• **Activity**: Give the listing again word for word. Skip the pictures.

• **Provided material**:

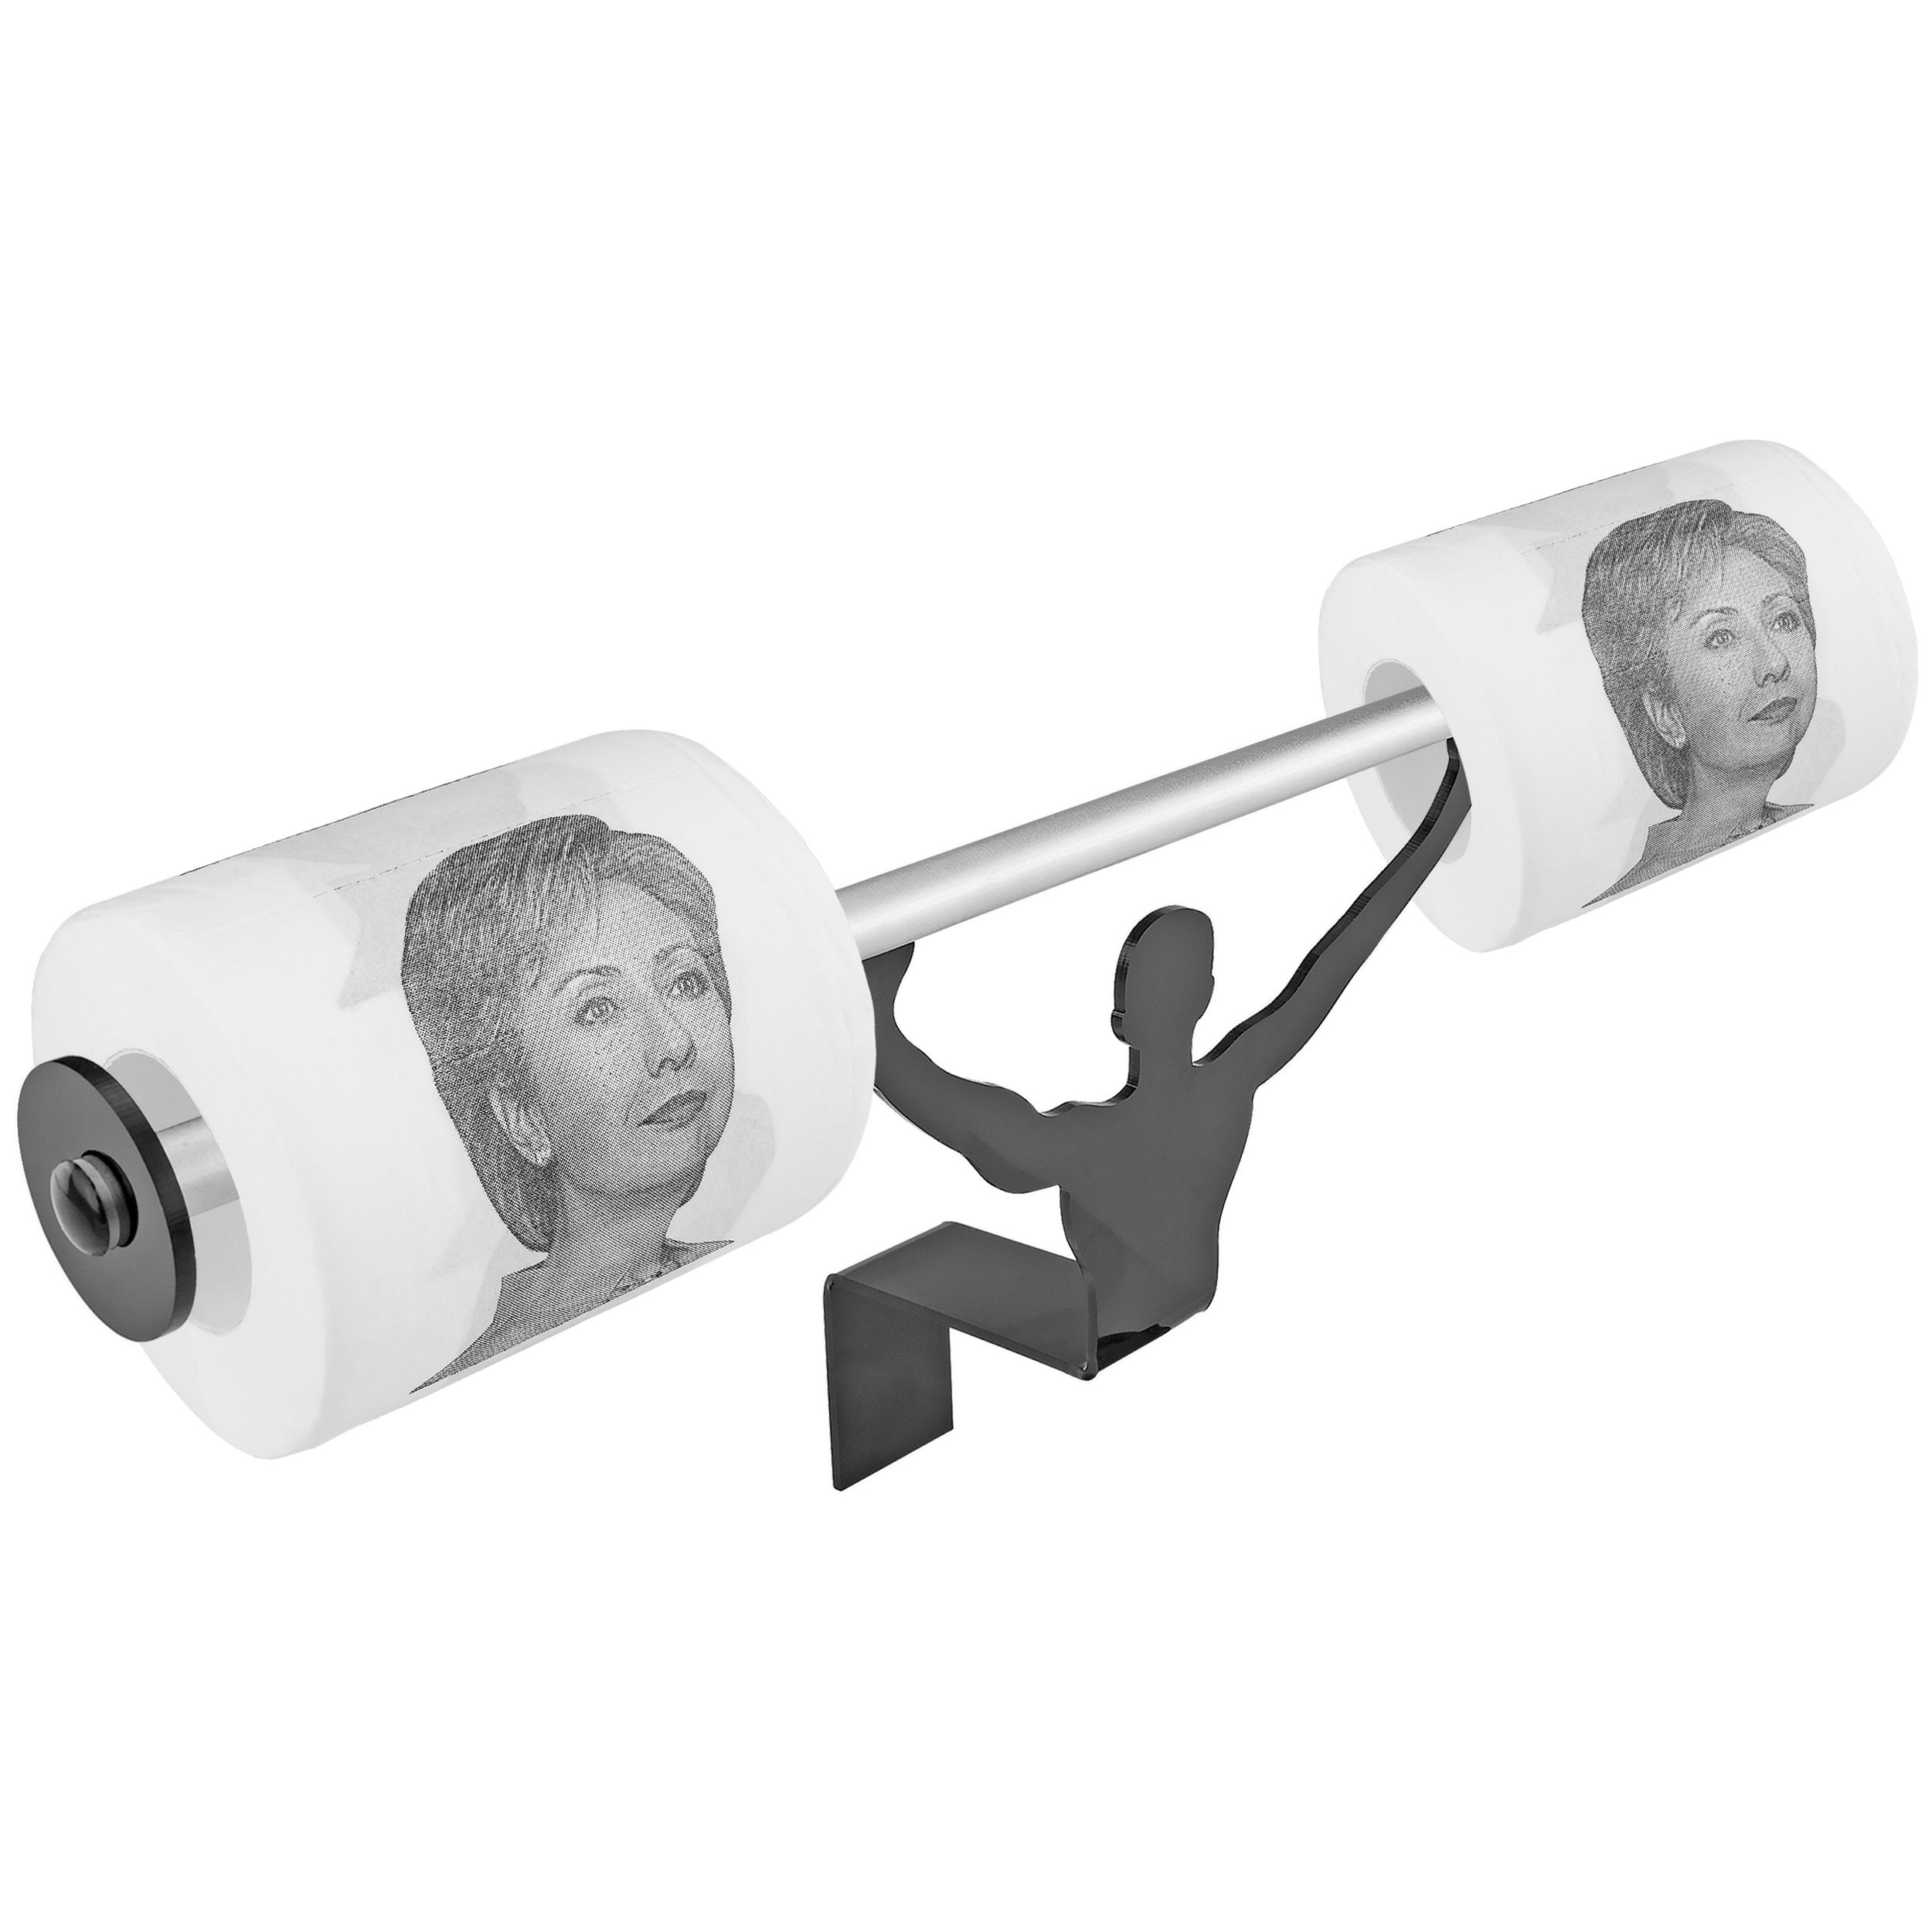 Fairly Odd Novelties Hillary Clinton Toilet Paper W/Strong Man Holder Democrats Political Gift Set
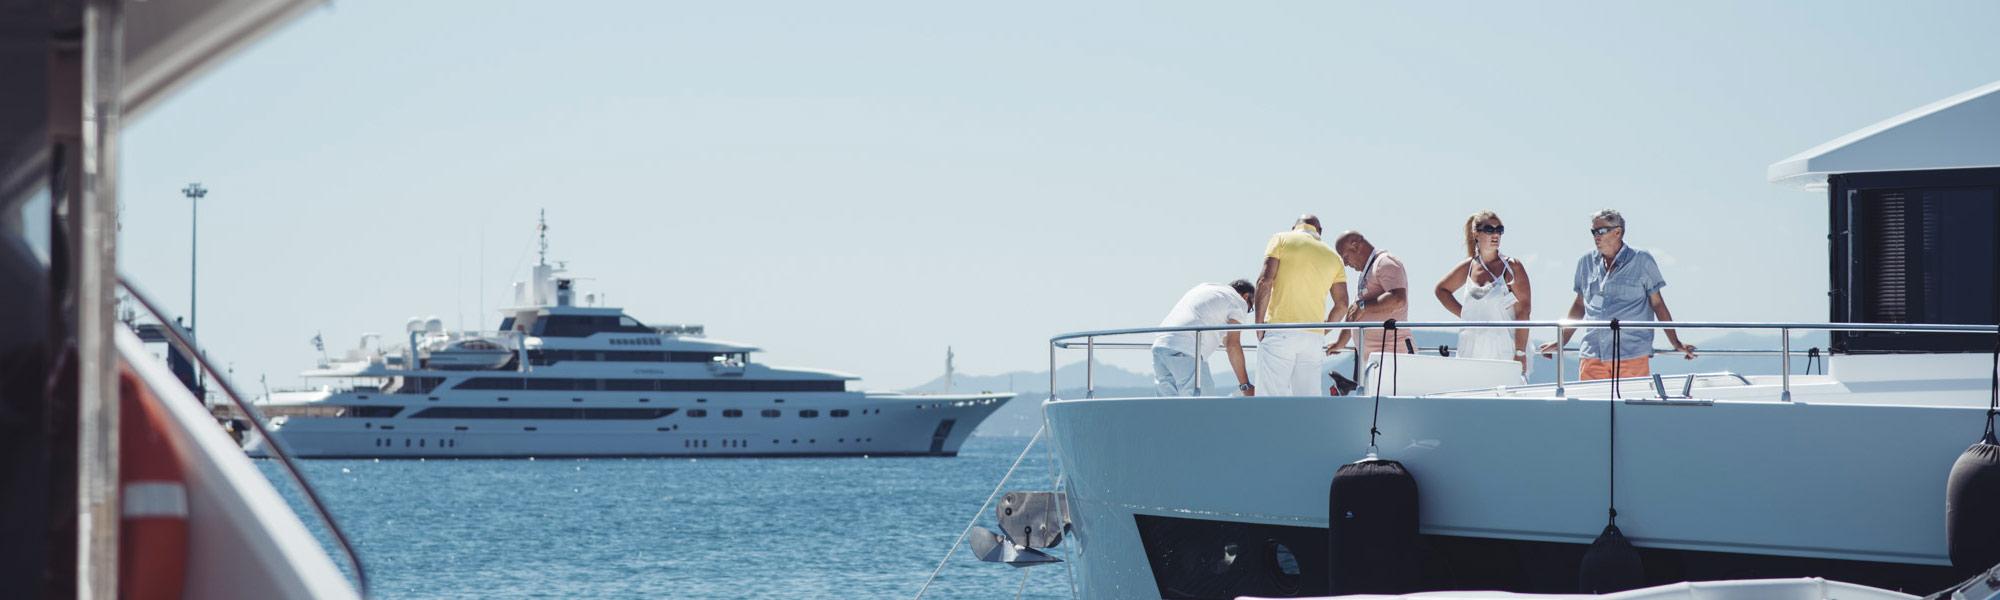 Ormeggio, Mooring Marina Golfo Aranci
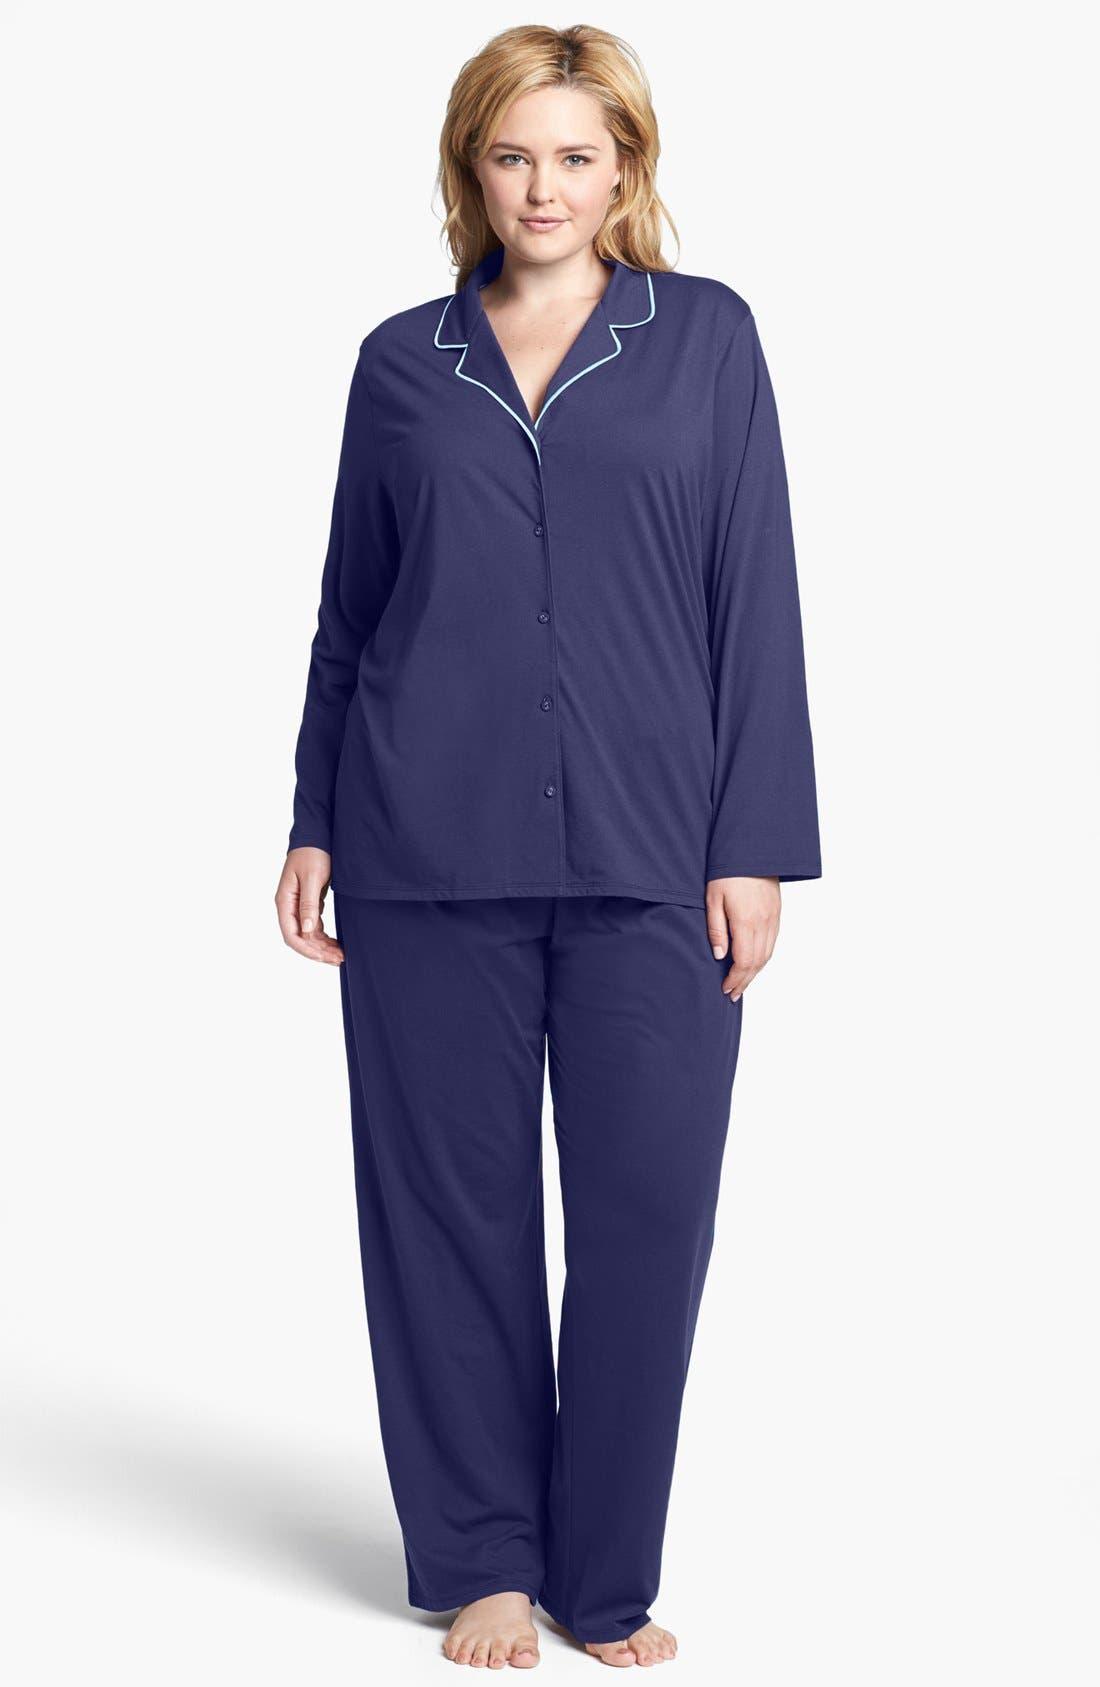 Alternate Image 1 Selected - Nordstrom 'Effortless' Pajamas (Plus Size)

• **Result**:
 Fairly Odd Novelties Hillary Clinton Toilet Paper W/Strong Man Holder Democrats Political Gift Set
 Ormeggio, Mooring Marina Golfo Aranci
 Alternate Image 1 Selected - Nordstrom 'Effortless' Pajamas (Plus Size)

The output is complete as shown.